Synset('bank.n.01') : sloping land (especially the slope beside a body of water)
Synset('depository_financial_institution.n.01') : a financial institution that accepts deposits and channels the money into lending activities
Synset('bank.n.03') : a long ridge or pile
Synset('bank.n.04') : an arrangement of similar objects in a row or in tiers
Synset('bank.n.05') : a supply or stock held in reserve for future use (especially in emergencies)
Synset('bank.n.06') : the funds held by a gambling house or the dealer in some gambling games
Synset('bank.n.07') : a slope in the turn of a road or track; the outside is higher than the inside in order to reduce the effects of centrifugal force
Synset('savings_bank.n.02') : a container (usually with a slot in the top) for keeping money at home
Synset('bank.n.09') : a building in which the business of banking transacted
Synset('bank.n.10') : a flight maneuver; aircraft tips laterally about its longitudinal axis (especially in turning)
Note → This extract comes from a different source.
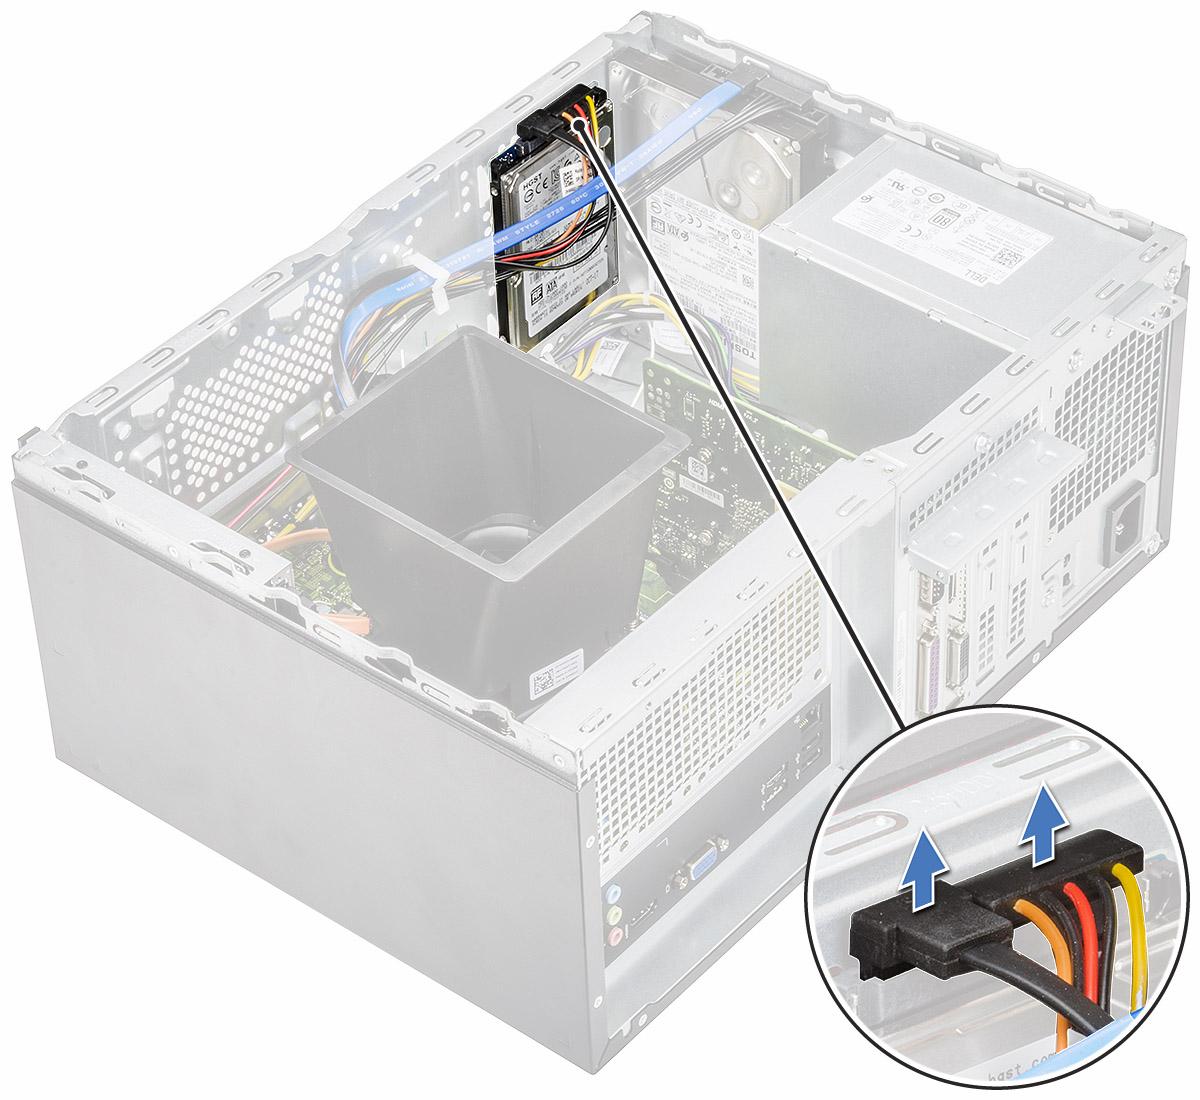 ハードドライブアセンブリをコンピュータから取り外す方法を示す図。

## Taxonomy-Based Similarity
* It’s a semantic similarity metric between **two synsets (word senses) within the same part of speech** (noun-noun, verb-verb, etc.).
* The **shortest path between two synsets in WordNet based on their hypernym/hyponym tree**.
* **path similarity Formula:** 1/(shortest path length + 1)
* Range:
  * 1.0 → identical synsets (maximum similarity)
  * Close to 0 → distant or unrelated synsets
  * None → no path between the synsets (usually if they are different parts of speech, e.g., noun vs verb).
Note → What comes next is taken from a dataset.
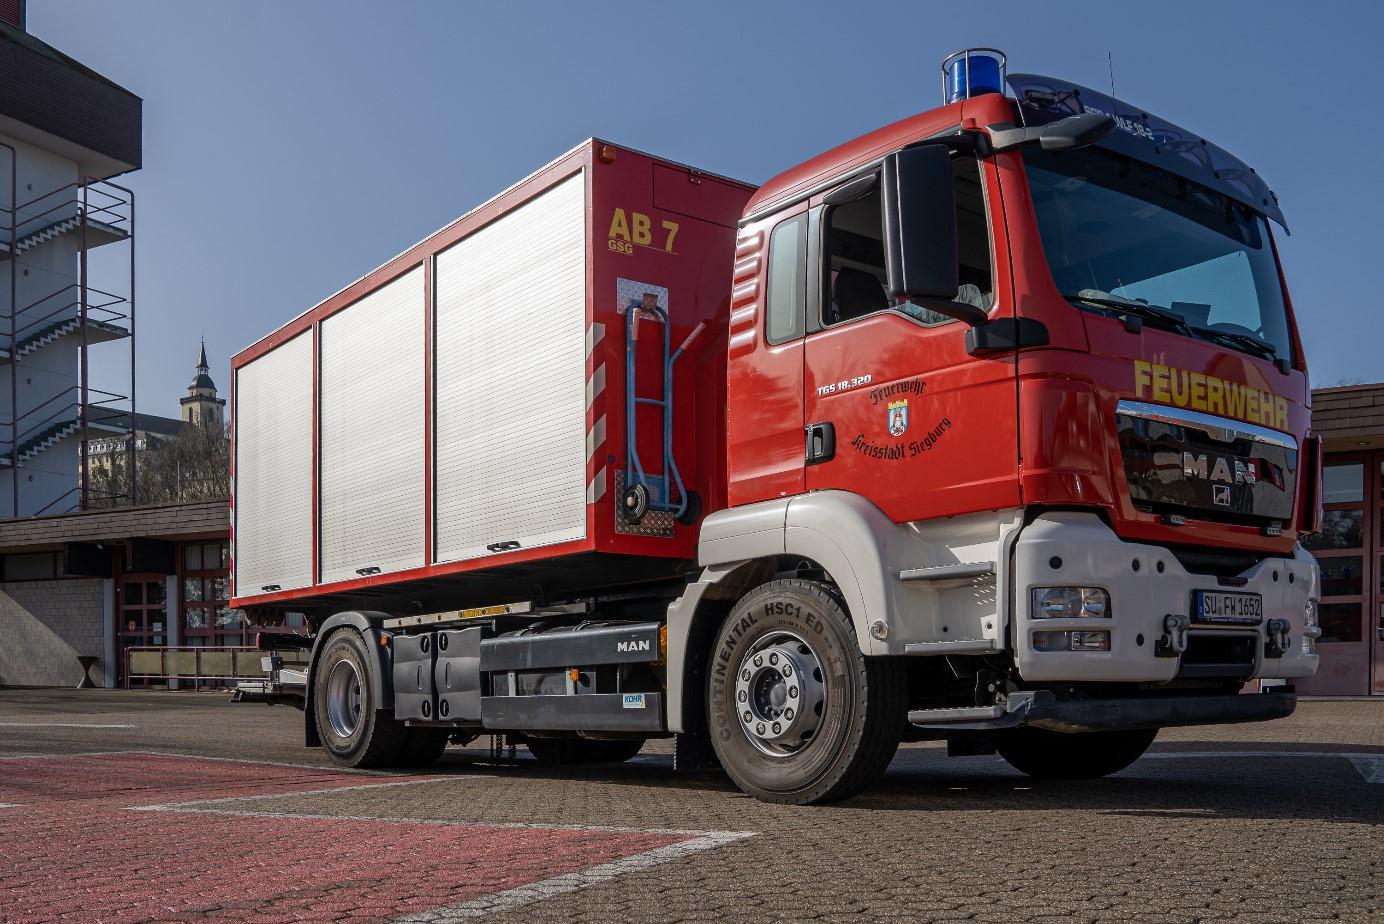 Bild vom Wechselladerfahrzeuge (WLF 2) der Freiwilligen Feuerwehr Siegburg

## Hypernym path = IS-A path

In [13]:
dog = wn.synset('dog.n.01')
for path in dog.hypernym_paths():
    print([syn.name() for syn in path])

['entity.n.01', 'physical_entity.n.01', 'object.n.01', 'whole.n.02', 'living_thing.n.01', 'organism.n.01', 'animal.n.01', 'domestic_animal.n.01', 'dog.n.01']
['entity.n.01', 'physical_entity.n.01', 'object.n.01', 'whole.n.02', 'living_thing.n.01', 'organism.n.01', 'animal.n.01', 'chordate.n.01', 'vertebrate.n.01', 'mammal.n.01', 'placental.n.01', 'carnivore.n.01', 'canine.n.02', 'dog.n.01']


In [14]:
dog = wn.synset('cat.n.01')
for path in dog.hypernym_paths():
    print([syn.name() for syn in path])

['entity.n.01', 'physical_entity.n.01', 'object.n.01', 'whole.n.02', 'living_thing.n.01', 'organism.n.01', 'animal.n.01', 'chordate.n.01', 'vertebrate.n.01', 'mammal.n.01', 'placental.n.01', 'carnivore.n.01', 'feline.n.01', 'cat.n.01']


## Path between Synsets
* In WordNet, all nouns (and verbs) are organized in a tree.
    * **Synsets** (concepts) are nodes.
    * **Hypernym/Hyponym** relations are edges.
* Path distance = the number of edges between two synsets.

In [15]:
from nltk.corpus import wordnet as wn

syn1 = wn.synset('dog.n.01')
syn2 = wn.synset('cat.n.01')

# Get all possible paths to the root for both synsets
paths1 = syn1.hypernym_paths()
paths2 = syn2.hypernym_paths()

# Find the shortest path between syn1 and syn2
shortest_distance = syn1.shortest_path_distance(syn2)
print("Shortest path length:", shortest_distance)

similarity = syn1.path_similarity(syn2)
print("Path Similarity:", similarity)


Shortest path length: 4
Path Similarity: 0.2


* The Lowest Common Ancestor (LCA) is **carnivore**, and we count edges:
    * dog → canine → **carnivore** (2 steps)
    * cat → feline → **carnivore** (2 steps)
    * Shortest path = 2 + 2 = 4.
    * Similarity = 1 / (4 + 1) = 0.2


## Semantic Similarity Comparison using WordNet

In [16]:
from nltk.corpus import wordnet as wn

# 1. First vs Final
first = wn.synset('first.n.01')
final = wn.synset('final.n.01')
similarity_first_final = first.path_similarity(final)

# 2. Hair vs Comb
hair = wn.synset('hair.n.01')
comb = wn.synset('comb.n.01')
similarity_hair_comb = hair.path_similarity(comb)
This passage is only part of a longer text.